Entornando los ojos para protegerse de la arena, dirigió la linterna hacia las luces traseras que se alejaban y empezó a moverla de un lado a otro trazando un arco. La luz apenas se veía en aquella oscuridad saturada de arena.

—¡Eh! —volvió a gritar David. Su padre estaba tras él, revólver en mano. Intentaba mirar en todas direcciones al mismo tiempo como un guardaespaldas presidencial que presintiese peligros ¡Eh, vuelvan!

Las luces traseras menguaron por momentos rumbo al norte por la carretera que conducía a la interestatal 50. El semáforo intermitente oscilaba impulsado por el viento, y Johnny entrevió por un instante el camión bajo su vacilante resplandor ambarino. La caja era de paneles y llevaba un rótulo estampado en la parte trasera. No pudo leerlo a causa de la densa nube de arena.

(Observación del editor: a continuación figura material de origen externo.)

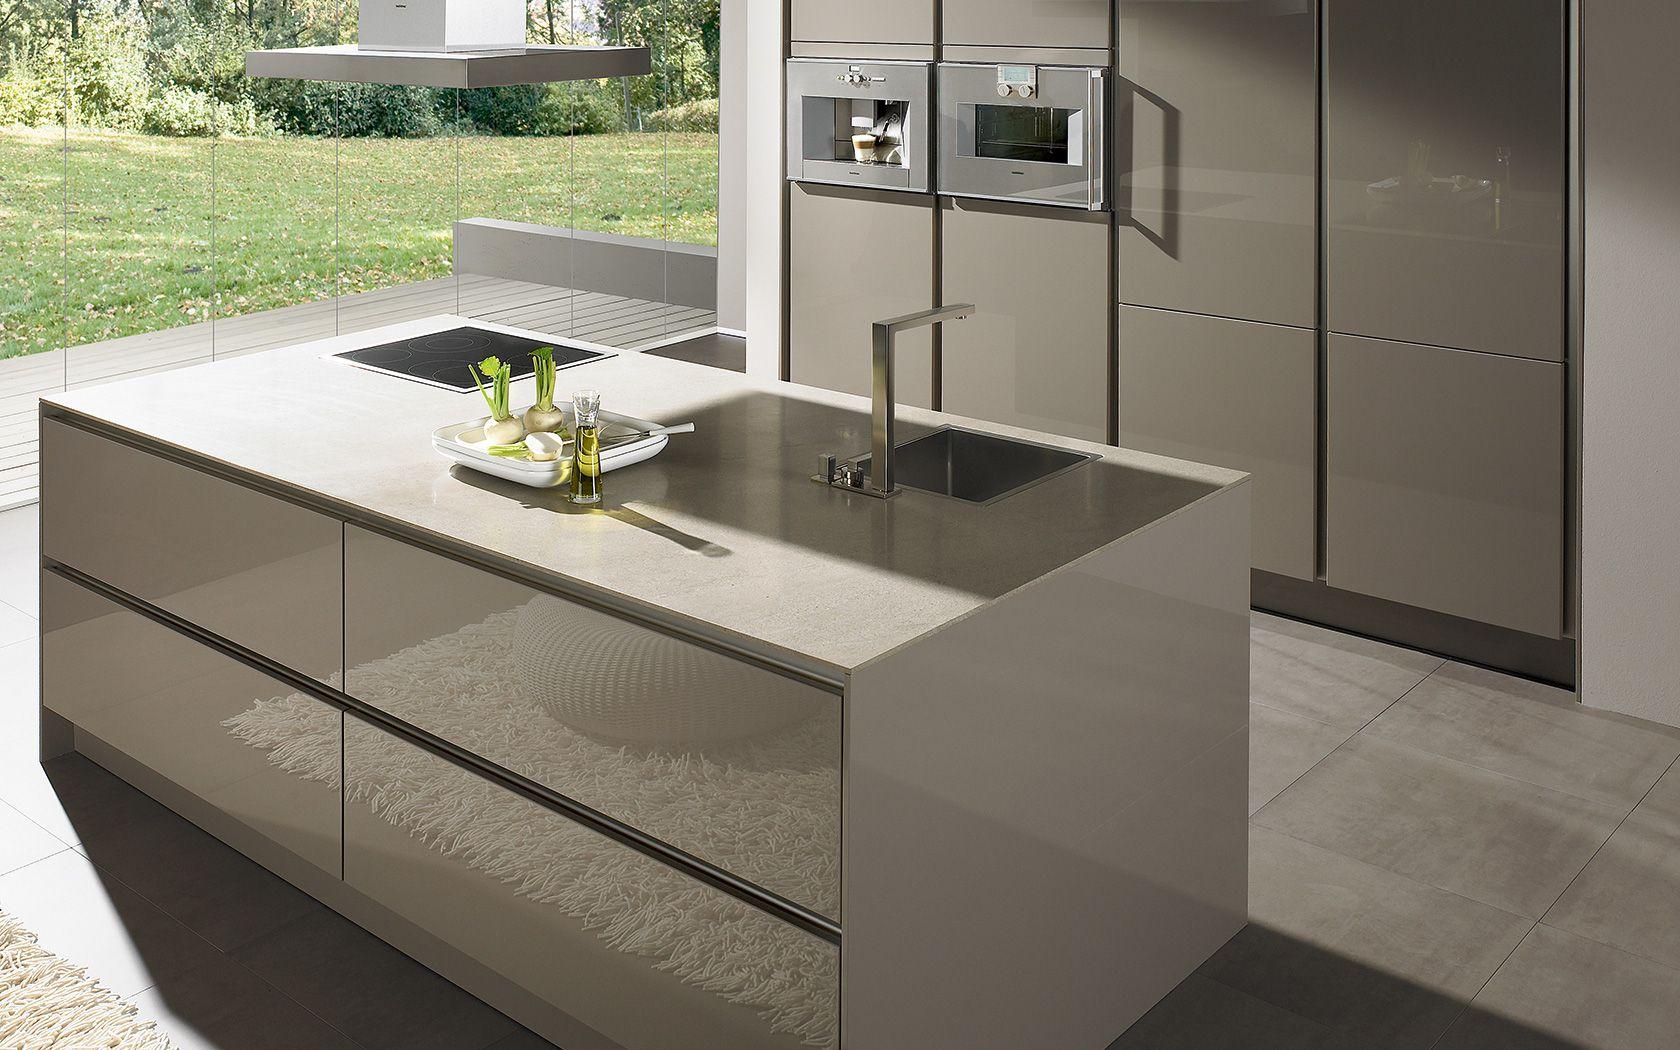 Moderne Küche ohne Griff S2 | siematic.de | Einrichtung | Pinterest ...
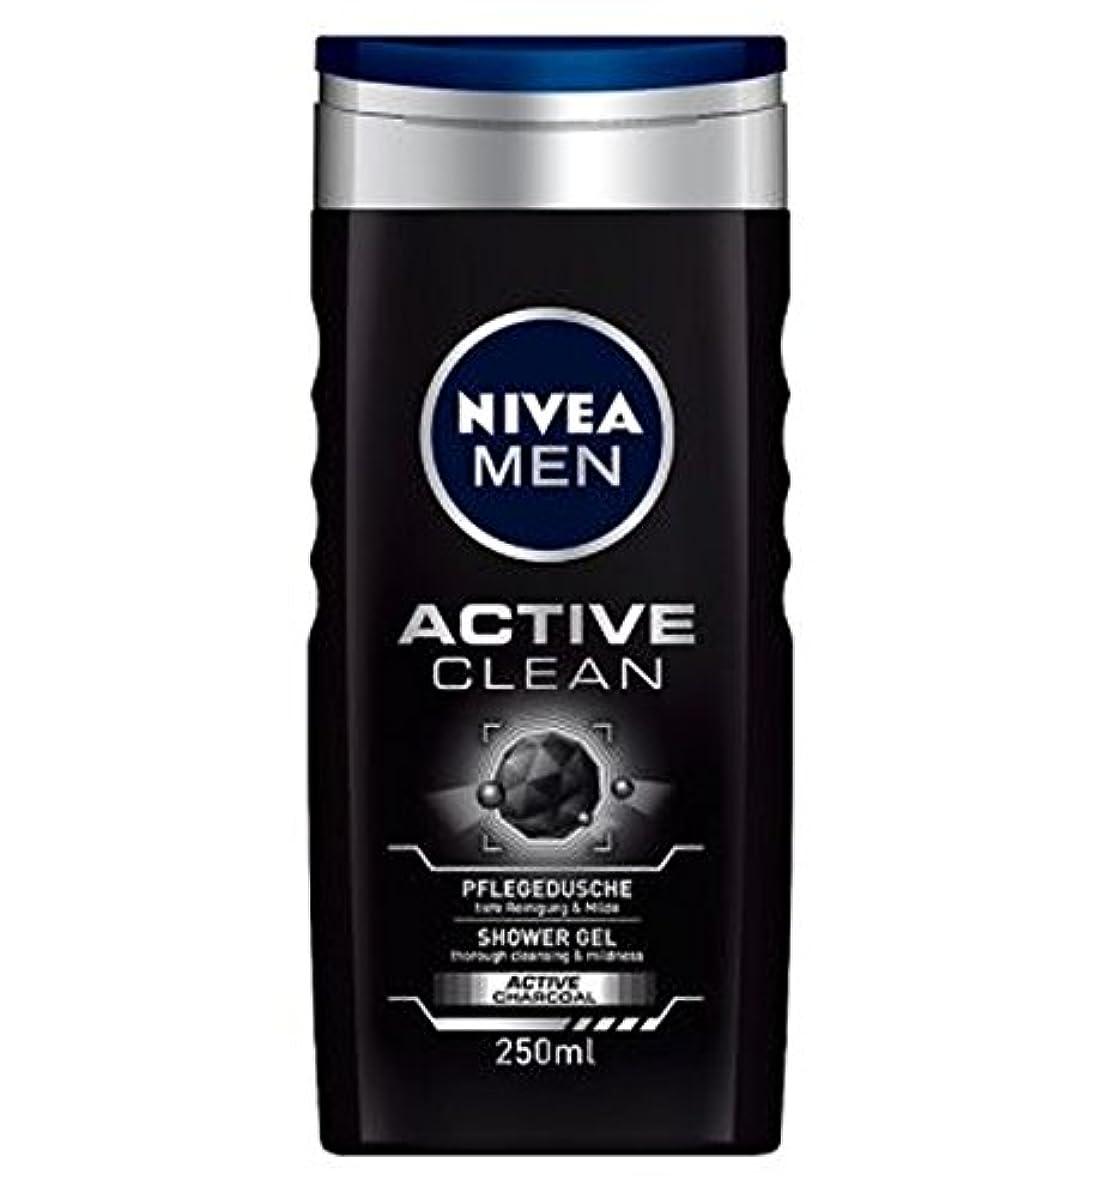 郡飼い慣らす可聴NIVEA MEN Active Clean Shower Gel 250ml - ニベアの男性アクティブクリーンシャワージェル250ミリリットル (Nivea) [並行輸入品]

—¡Entren! —instó Johnny—. ¡Se ha ido!

El chico permaneció un rato más en medio de la calle, mirando en la dirección en que habían desaparecido las luces. De pronto encorvó los hombros en un gesto de desaliento. Su padre se los rodeó con el brazo y dijo:

—Vamos, David. No necesitamos ese camión. Estamos en un pueblo. Sólo tenemos que encontrar a alguien que pueda ayudarnos y…

Su voz se desvaneció cuando miró alrededor y vio lo que Johnny ya había visto. El pueblo entero estaba a oscuras. Eso sólo podía significar una cosa: la gente sabía qué ocurría y se ocultaba de aquel psicópata en espera de la caballería. Eso tenía cierto sentido, pero a Johnny el corazón le decía algo muy distinto.

Le decía que aquel pueblo parecía una tumba.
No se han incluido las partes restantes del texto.